En el claro ceremonial la aguardaba el príncipe Cael, nieto de sabios, guerrero pintado con símbolos tribales. Su torso desnudo brillaba de sudor y pigmento; su rostro endurecido por la lucha, sin embargo, se suavizó al verla desmontar con la elegancia de una hoja en otoño.
—¿Qué busca la hija del Este entre raíces que no le pertenecen? —preguntó, su voz grave como un tambor lejano.
—Salvar lo que aún puede salvarse —dijo Mei Lin, sin inclinar la cabeza, pero sin arrogancia—. No traigo ejércitos. Pero sí advertencias.
Hablaron junto al fuego. Le relató los planes del emperador Arnald. El bloqueo de Tenshi. El ejército que se preparaba a marchar. El doble filo de la guerra que se cerraba como una trampa sobre Nayari.

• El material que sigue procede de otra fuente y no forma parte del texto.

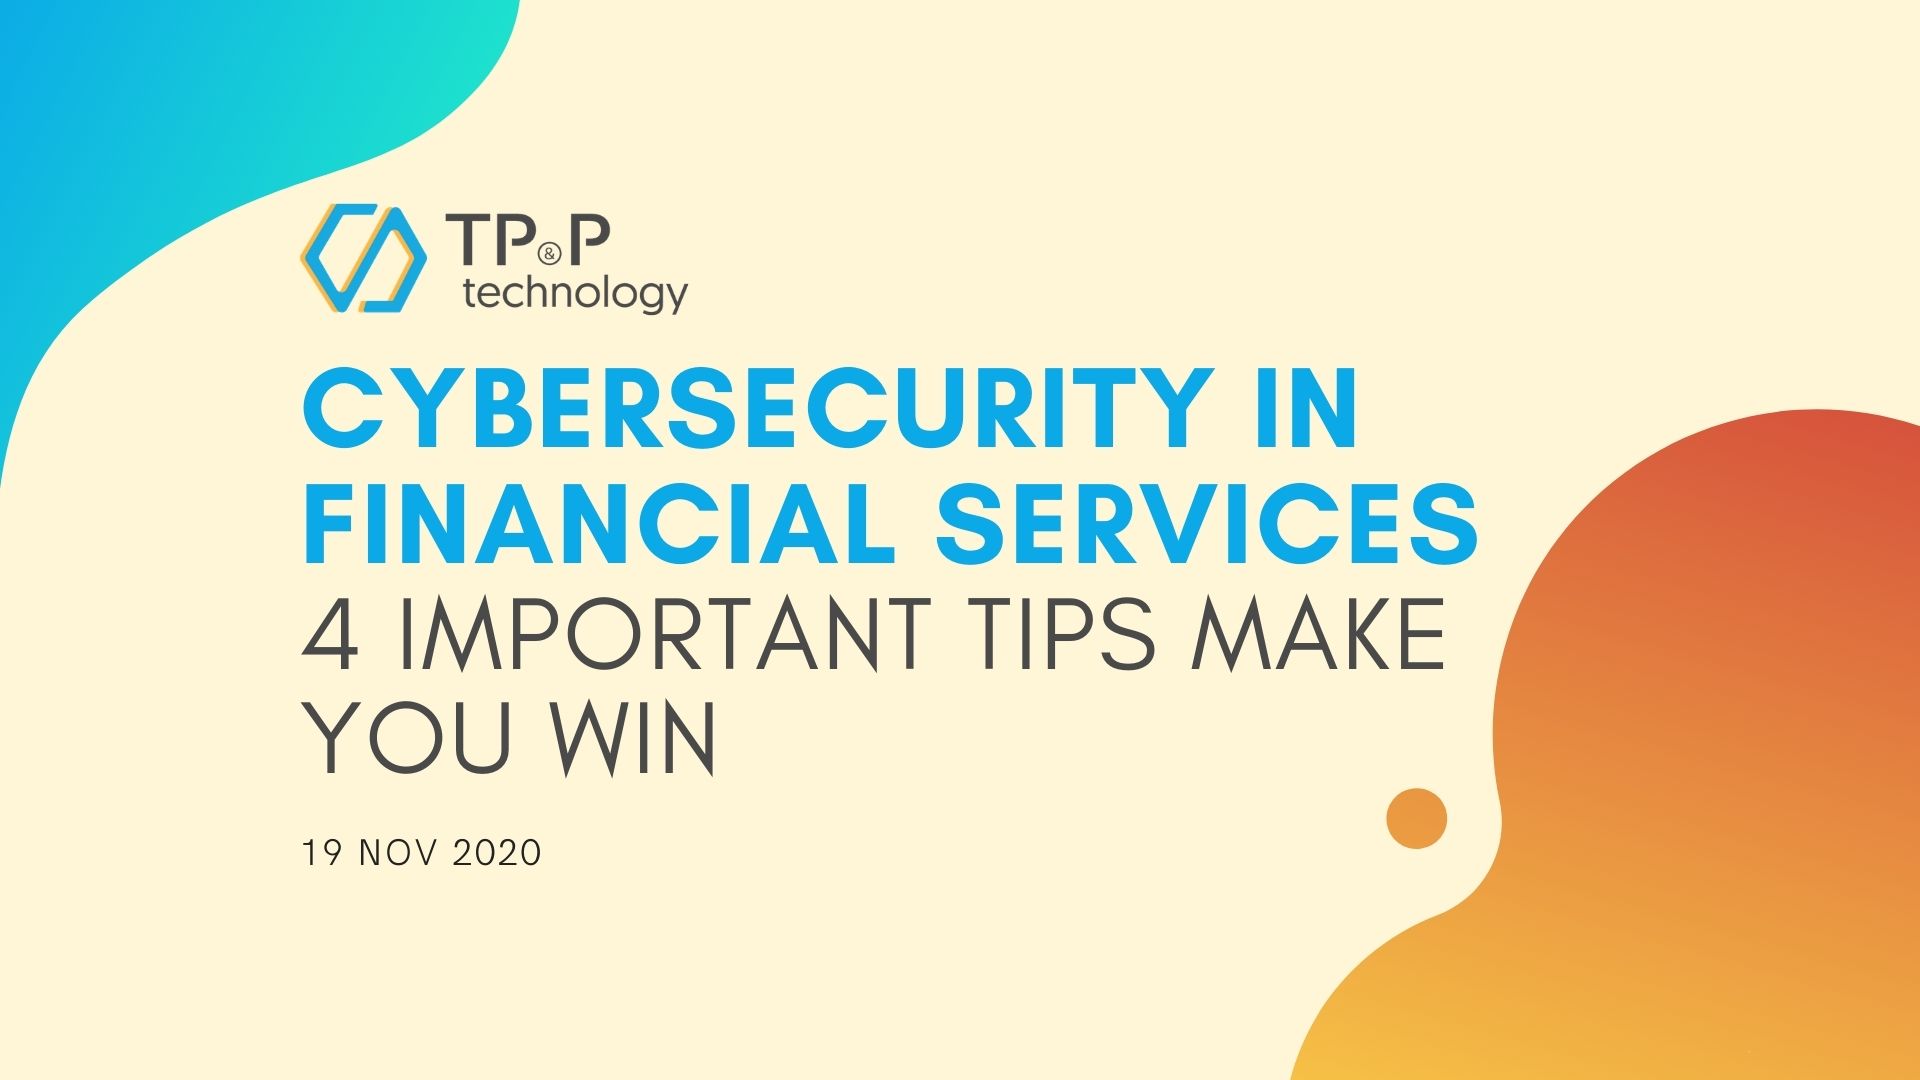 Cybersecurity In Financial Services: 4 Important Tips Make You Win

Cael cerró los puños. La sangre le palpitaba en la sien.
—¿Y tú qué ganas con esto?
—Nada —respondió ella—. O quizás, un aliado. Uno que sepa ver más allá del orgullo.

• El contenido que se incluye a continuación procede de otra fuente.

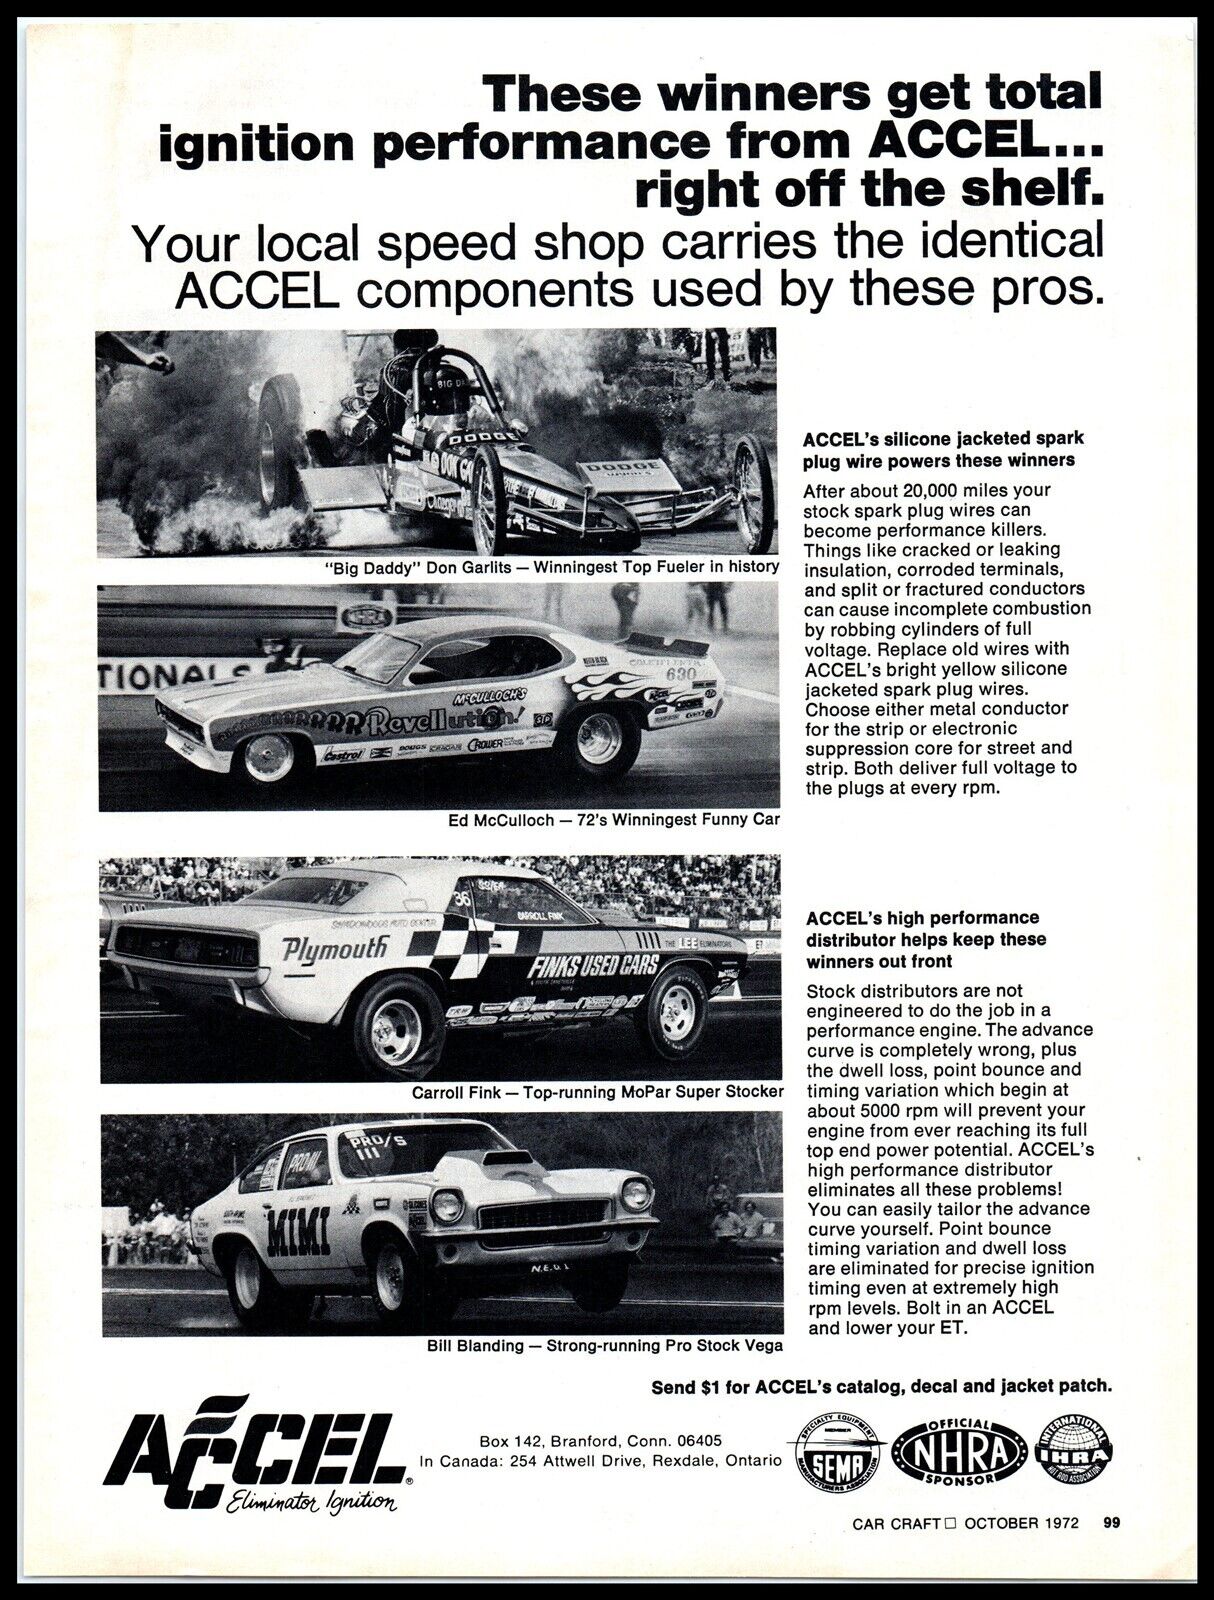 1972 Magazine Print Ad - ACCEL Ignition, Don Garlits, McCulloch Fink Blanding A7

Él la observó largamente. Sus ojos no desconfiaban… pero en ellos había tormenta.
—Entonces entra al templo. Algunas decisiones no se toman con la cabeza… sino bajo la sombra de los dioses.
Ella asintió. Lo siguió.
La piedra ceremonial estaba aún húmeda. El aire olía a sangre seca y tabaco. Un susurro flotaba entre los árboles, como si los mismos troncos repitieran un secreto antiguo.

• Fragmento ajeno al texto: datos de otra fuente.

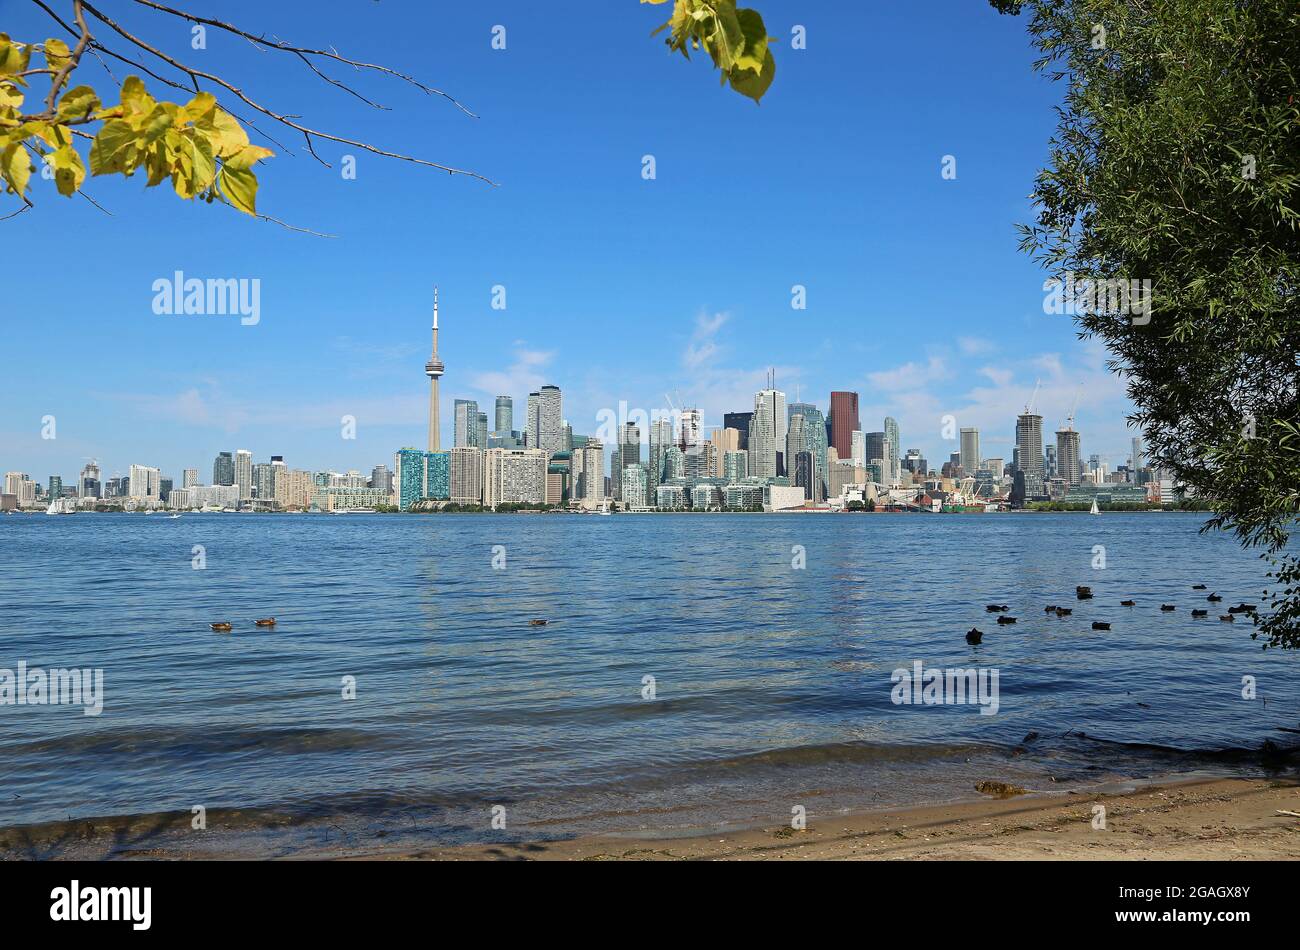 Standing on the shore of Toronto Island, Canada Stock Photo

En la entrada del templo, un chamán emergía. Iba cubierto de ceniza y plumas negras. Llevaba algo en sus manos: un cuenco humeante, que no compartió con nadie. Su mirada la atravesó sin detenerse.
Justo detrás de él, salía el príncipe vikingo.
Bjorn.
Alto, con la túnica empapada de sudor, el rostro cruzado por sombra y decisión. Había un temblor apenas perceptible en su respiración. Pero sus ojos no eran los de un derrotado, sino de alguien que acababa de desafiar a los dioses y sobrevivir.
Mei Lin levantó el mentón, curiosa.
—¿Tienes visitas, príncipe Cael?
Cael no le devolvió la sonrisa.
—Yo pregunto. Tú respondes.
El silencio se hizo espeso. Los árboles parecían esperar.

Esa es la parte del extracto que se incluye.